It is extremely difficult to watch Nick Kyrgios quit a tennis match and not feel something.
Nick Kyrgios and the fury of watching wasted greatness


Rage, maybe, is what comes to you. Or disappointment. Perhaps, for the more uncharitable of us, schadenfreude.
But you have to feel something watching someone this good continually crash out of tournaments early, or play as if he’s late for an orthodontist appointment. At times it’s as if Kyrgios has to force himself to play poorly, so skilled, practiced, and perfectly built he is to play tennis. Just out of muscle memory he’ll smash a 130-mph serve on the line, then purposefully junk up his form and heave over two hideous ones to double fault on the very next point. You could spend a lifetime playing this game and never hit a serve as beautiful as the one Kyrgios goes out of his way to fuck up.
Kyrgios did it again, for the umpteenth time, on Wednesday, in a match against his countryman John Millman at the US Open. After losing the first set 3-6, Kyrgios came back and won the second easily, 6-1. Then, in a third set he lost 4-6, he started rubbing his shoulder, had the ballboy stretch him out, received a code violation for dropping a hard F-bomb in earshot of a linesman, argued it with the chair umpire, then lost a final set 1-6 in which at times he appeared to be smacking the ball out of bounds in order to get out of there as quickly as possible.
For fans of tennis, it was another Kyrgios Moment. If you follow the game at all you will probably have read about these, in any number of the illuminating profiles or essays about the 22-year-old Australian. The locations of these moments change, and each has a different flavor, but in essence they are all the same: The brilliant young player exits a tournament early in a match most thought he would win. Also he’ll yell at someone, often using imaginative expletives, about something.
The shoulder discomfort complicates the moment this time, of course, and it’s entirely possible that Kyrgios hurt himself and was doing his best to get off the court quickly to preserve his body.
After the match, Kyrgios said as much. He spoke about the injury, his disappointment, and closed, in an almost heartbreaking moment, by saying, “I keep letting people down. I don’t know.”
This is part of what’s so difficult about trying to follow Kyrgios’ career. His forthright answers about his own struggles with motivation, about the loneliness of top-flight tennis, about disappointing the fans who love him, they are all so completely at odds with the player you watch on the court.
For less empathetic fans — and there are plenty — that fourth and final set was an all-too-typical showing from Kyrgios, a player who looks as if he were constructed in a laboratory to play tennis. Listed at 6’4 and 187 pounds, Kyrgios is broad shouldered but quick, with the type of hand-eye coordination only a few people alive have ever been blessed to be born with.

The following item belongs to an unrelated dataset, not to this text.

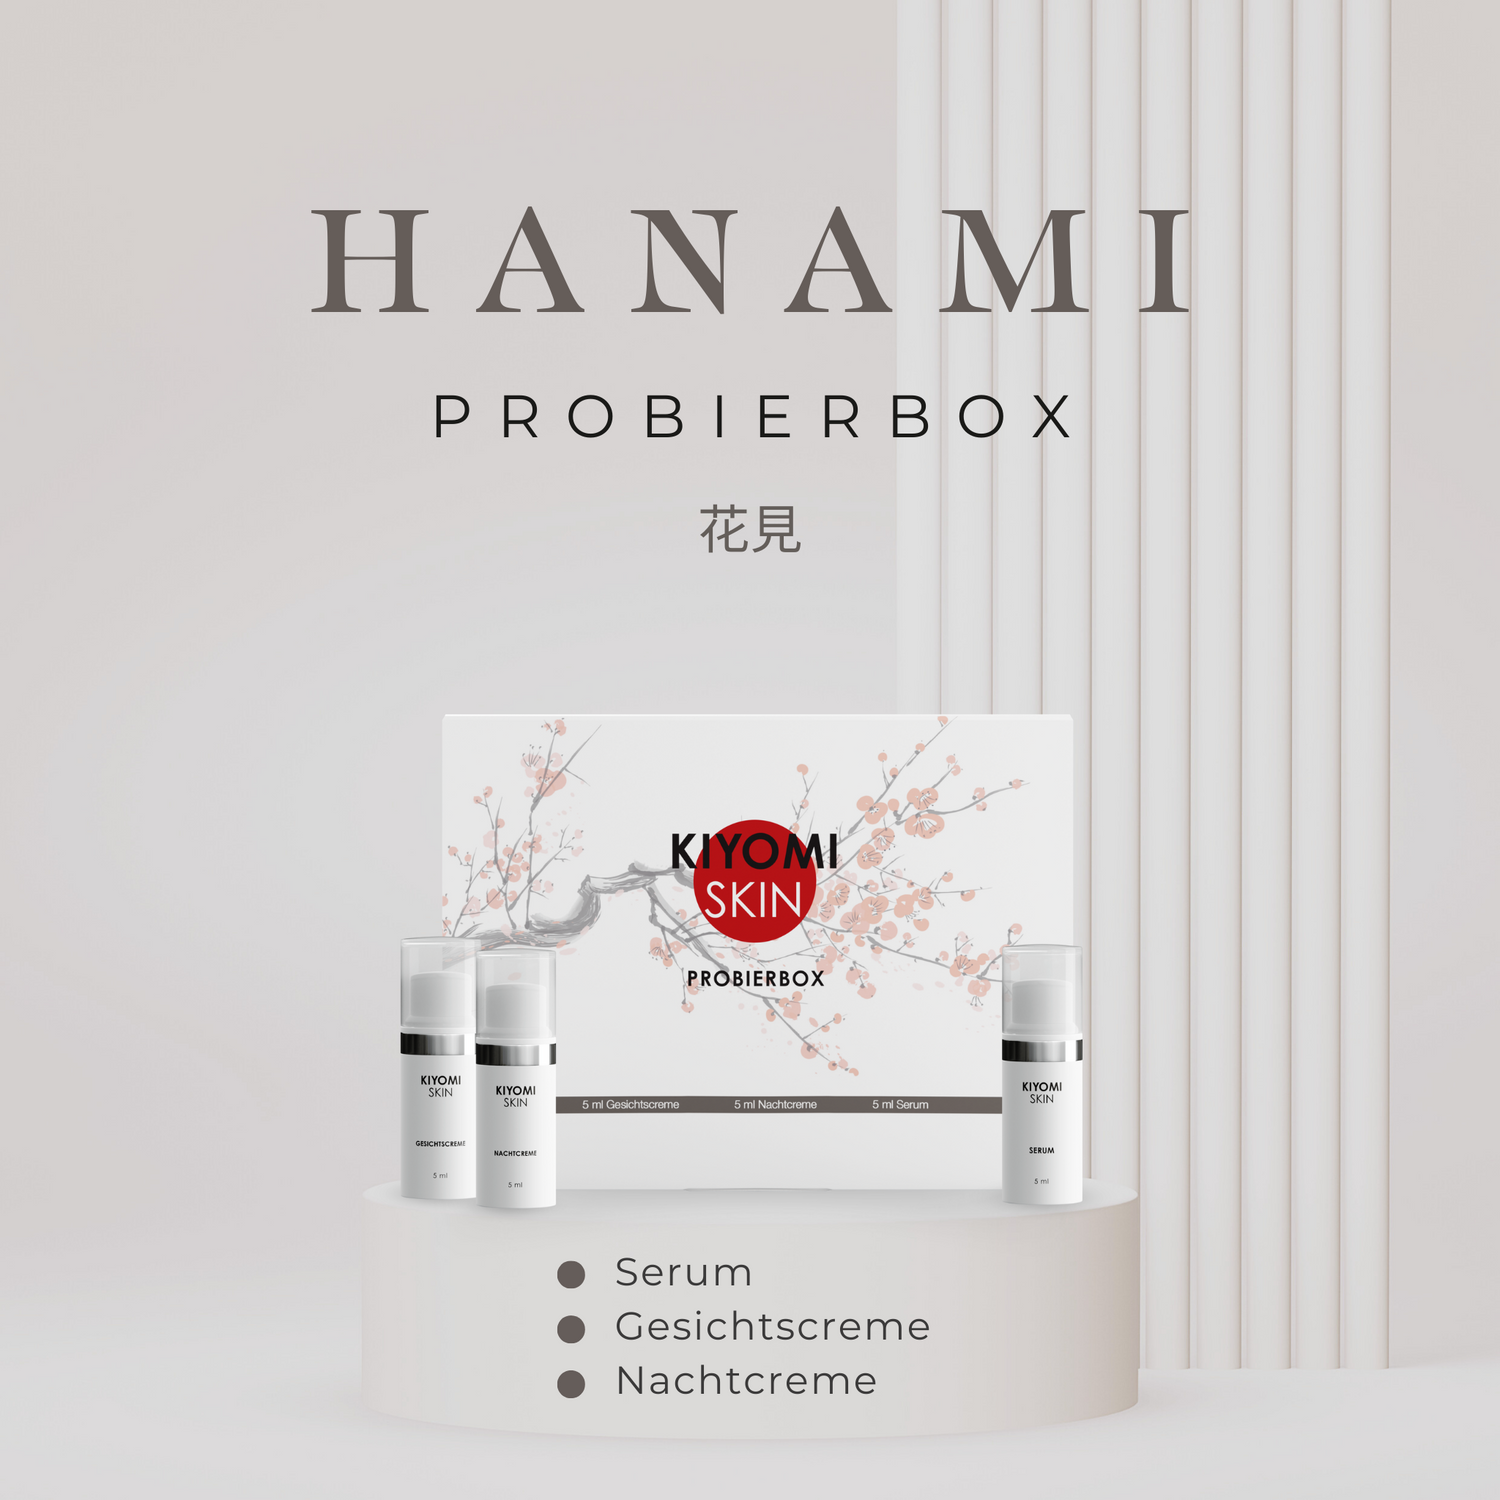 Probierbox Hanami

So Adonis-like is he, it’s tempting to just paint Kyrgios as a physical freak, someone who was gifted this game. That’s not right, though. No one is born being able to return a 120-mph serve, or hit a cross-court backhand to within an inch, both things Kyrgios can do with regularity, if he’s in the mood. Kyrgios trained, a lot, hours and hours, more time than you or I could ever probably fathom, to get to where he is.
Which, of course, makes it all the more flabbergasting watching him walk away from a US Open like he did on Wednesday.

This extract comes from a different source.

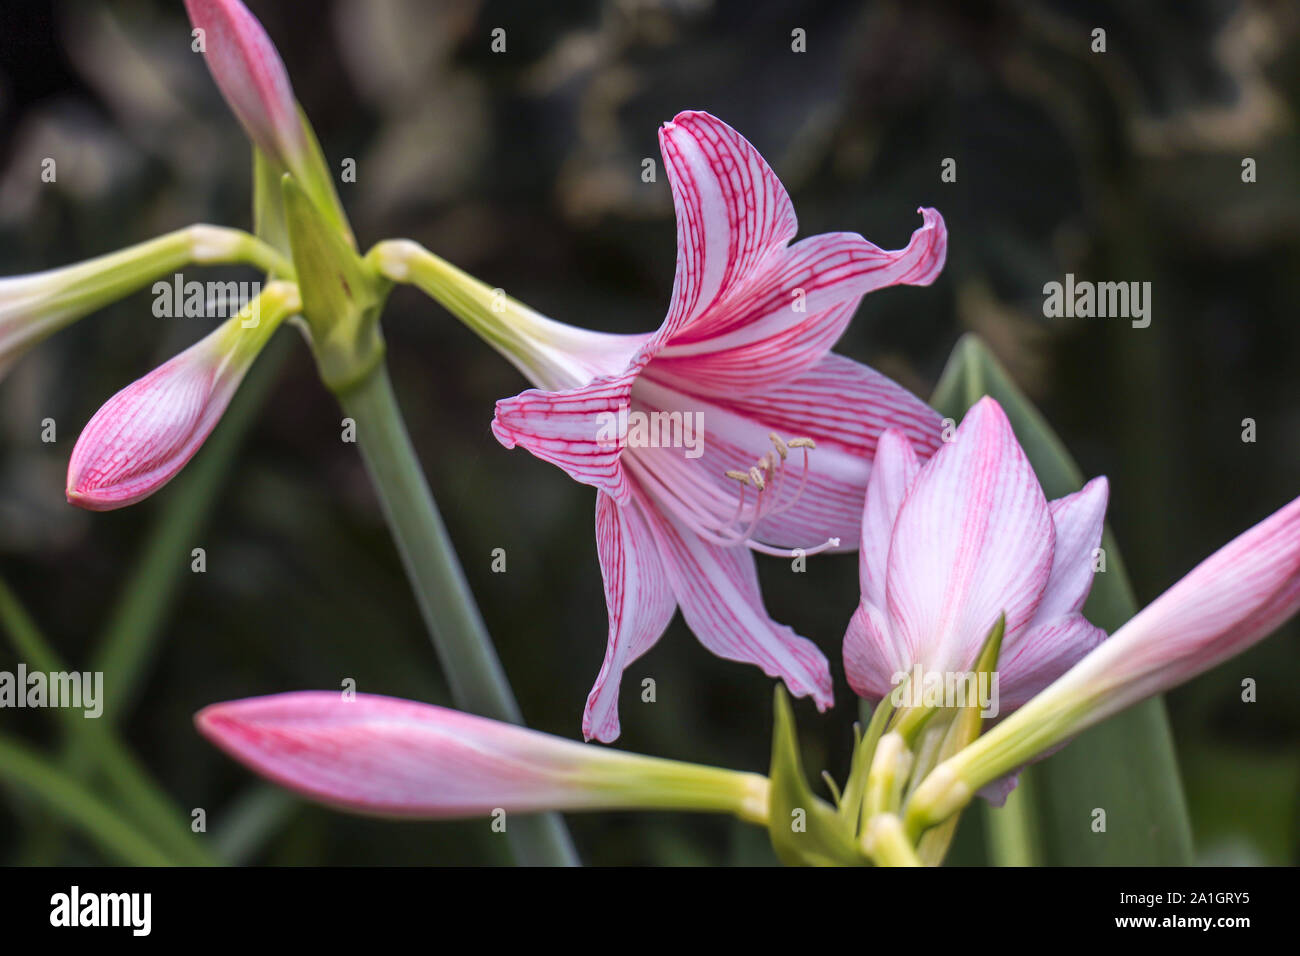 Schone Blumenbilder Hintergrundbilder Stockfotos Und Bilder Kaufen Alamy
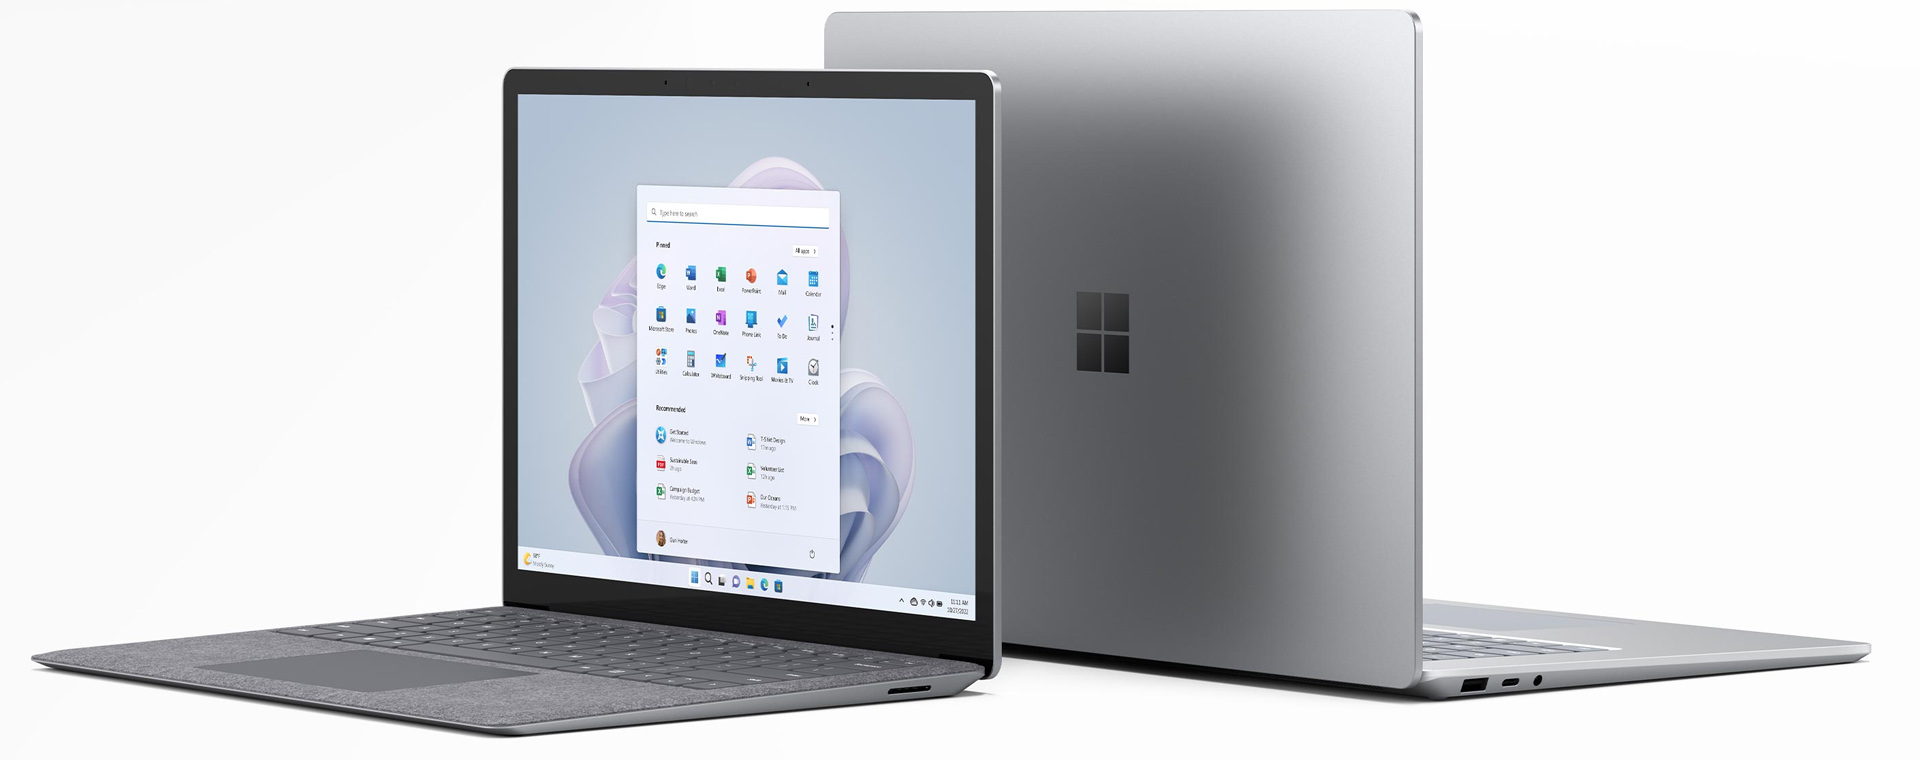 سرفیس لپ تاپ ۵ – Surface Laptop 5 – 15 inch / Core i7 / RAM 8GB / 256GB SSD

The match will spark the usual debate on Kyrgios. Whether or not he is wasting his talent. If he’s throwing it all away. Kyrgios’ play drives many sportswriters nuts, as many of them (myself included) harbor deep-down fantasies about what it would have been like if we’d been able to play a sport at the top level. You know, if we’d only had the talent that Kyrgios seems so set on squandering.
(The match on Wednesday had my bud Dan Wolken arguing about what the meaning of “talent” even is. ... Do you see what this guy is doing to us?)

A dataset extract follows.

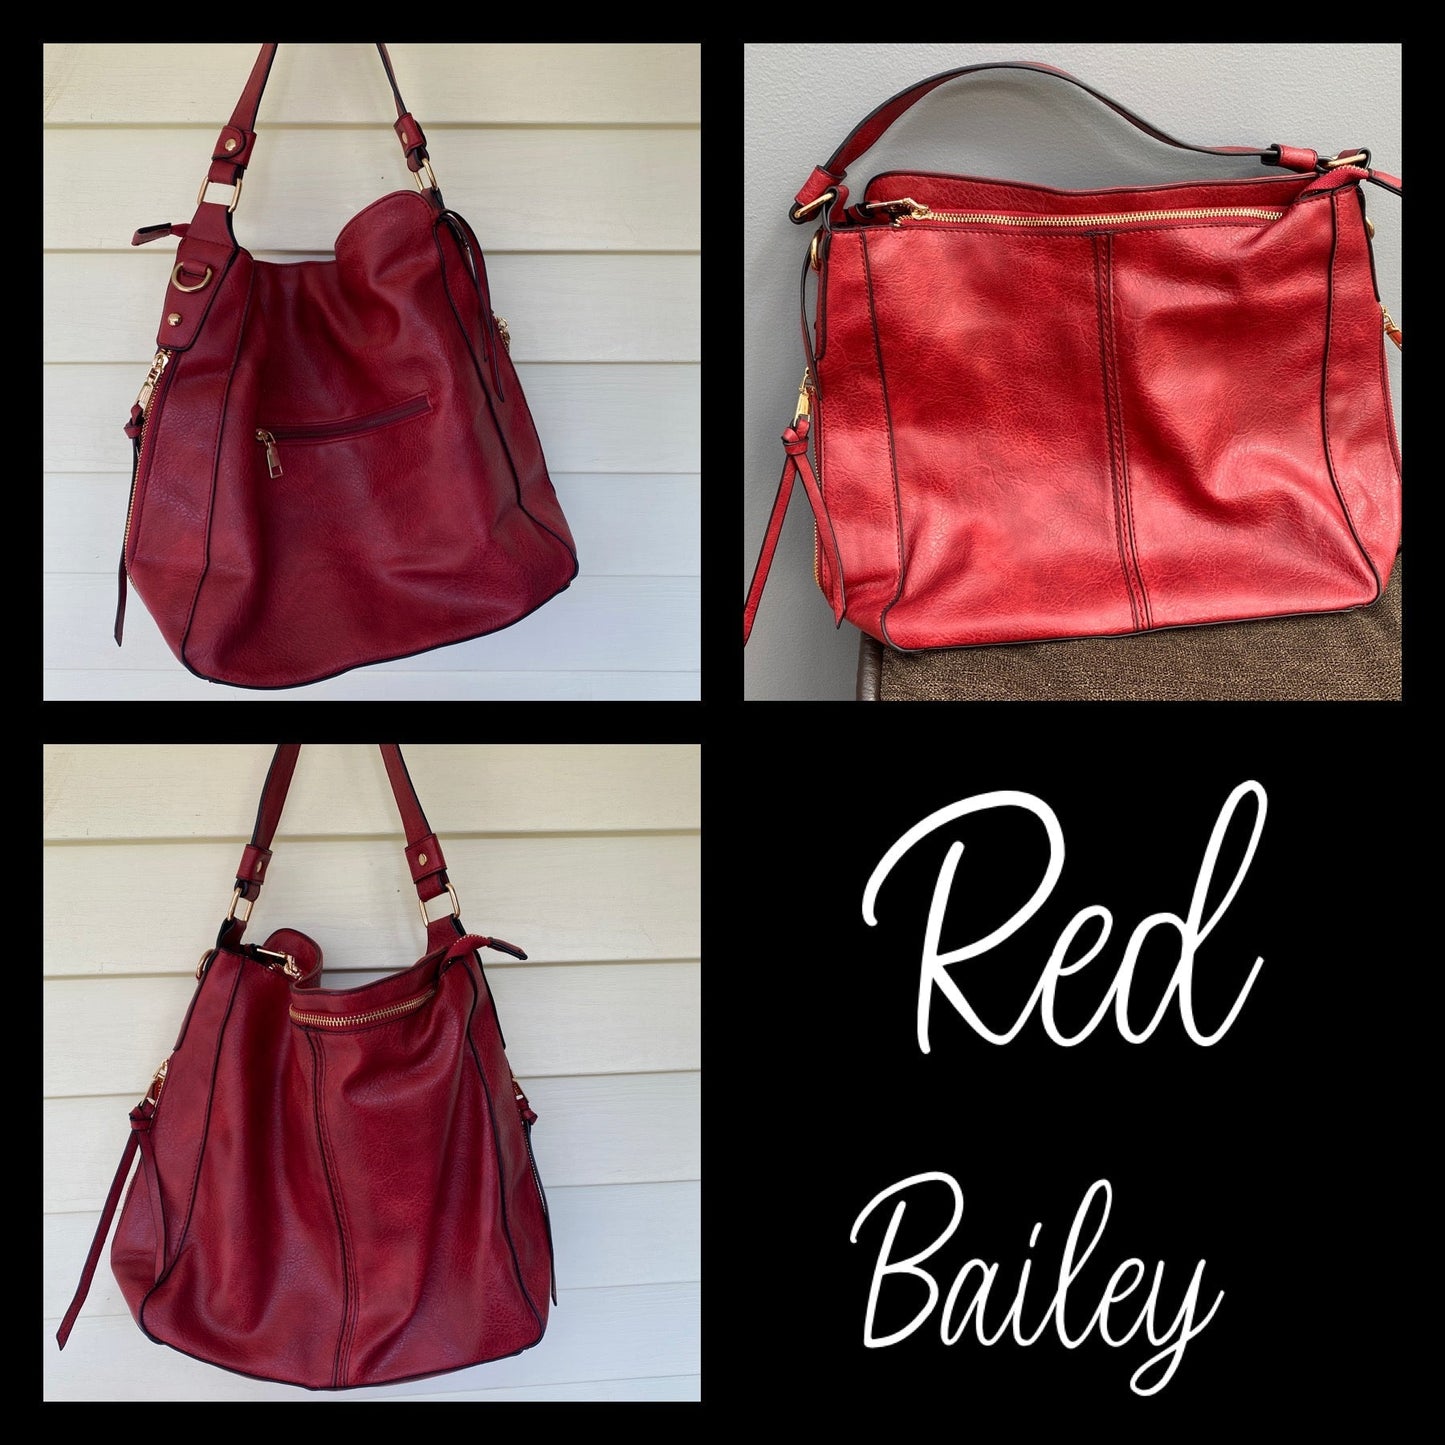 Bailey Crossbody Purse Handbag

There will be a line drawn in the sand on Kyrgios, on how we’re all supposed to feel about this. If you’re an optimist, you’ll say that Kyrgios doesn’t owe the game of tennis anything, that he’s honest with media, and trying his best, and was injured this time, just as he was injured for the last five Grand Slams, and if this is how he wants to play, then that’s fine. If you skew more cynical, you’ll argue that Kyrgios sure seems to behave horribly an awful lot for someone who is supposedly trying his best, and has shown a troubling pattern of quitting on matches, injured or not.
I’m not entirely sure where I fall. I guess I am angry. It is maddening to watch Kyrgios at times, though for me it’s not because he owes himself, or the game of tennis, anything. My anger is purely for a selfish reason: I like watching beautiful tennis. And Kyrgios seems determined to make sure that, at least when his mood turns, I am not able to do that.